The current trend toward manager consolidations began post-financial crisis, when plans wanted to give their managers more flexible mandates to take advantage of massive dislocations. The pandemic caused more dislocations that reinforced plans’ desire to give their managers more flexibility, and it has only accelerated since then. “Those conversations continue, and the theme of wanting to do more with less is increasing,” Mueller said.
Tactical flexibility
Public pension plans are also showing increasing interest in flexible fixed-income mandates. By definition, these mandates give managers the freedom to move around within the broad fixed-income universe as market conditions shift.
As Goldman Sachs Asset Management’s Moran explained, “When rates were very low, many of our public pension clients had to reduce their fixed-income exposure because they had to look elsewhere for incremental yield. In some cases, these plans now have to rebuild that exposure back to where it previously was, which could involve an increase to the allocation.”
“It’s much faster and more efficient to use one manager who can be flexible in terms of strategies in different environments instead of multiple managers,” he said. “The chosen manager should offer economies of scale and capabilities across fixed-income sectors.

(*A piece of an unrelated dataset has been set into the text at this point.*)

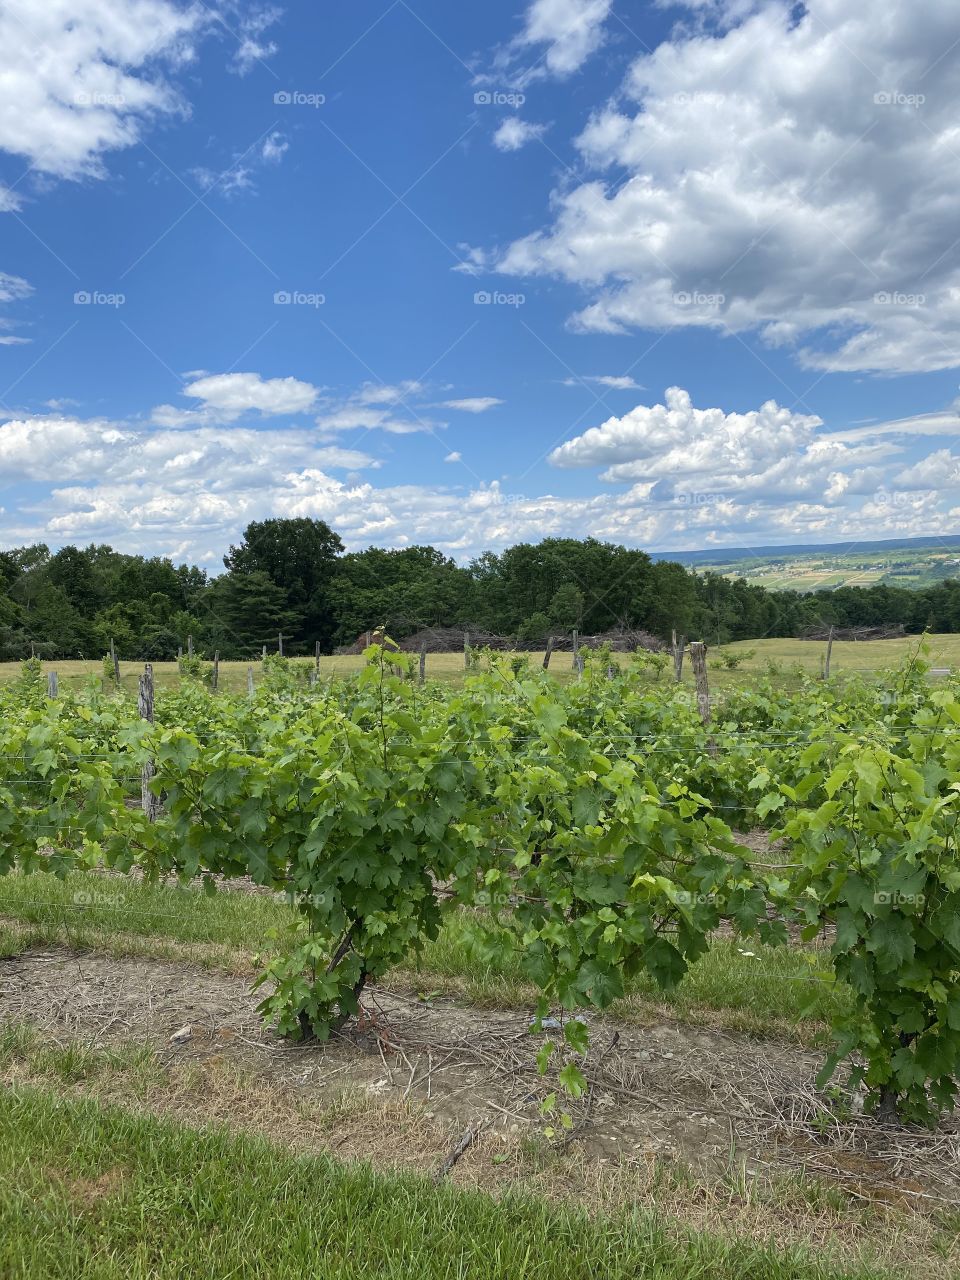 Finger lakes vineyard in summer

And given the multitude of investing risks that we have today — like geopolitical risks, a potential growth slowdown, tight spreads and high Treasury issuance — having a manager with the flexibility to make changes within the parameters of the mandate makes it easier for clients to implement their market view at any time.”
Understand ‘financial gravity’
Another key consideration for public pension plans as they position their portfolios in this next rate cycle is to understand and address a phenomenon known as “financial gravity,” said Allspring Global Investments’ Kneafsey.
He posits that the weight of interest rates on the economy is a function of their level and the length of time they stay there (see visual).1 Financial gravity exerts little downward pressure on financial assets when rates are low for an extended period, as they were for most of the time between the great financial crisis and 2022. But the weight grows more significant when rates are higher for longer, as the burden on floating-rate borrowers grows and more fixed-rate borrowers issue new debt or refinance at much higher rates.
If Kneafsey is right, then markets may be poised for significant weakness. What can institutional investors do to cushion the blow?
“Plans with big holdings of illiquid assets should consider selling some of those positions in the secondary market,” he said. “The first sellers will get the best prices and can increase their liquidity, so they’d be better able to withstand a market shock. Those with ample liquidity should protect liquid assets so they stand ready to buy public or private assets at distressed prices in a liquidity event.”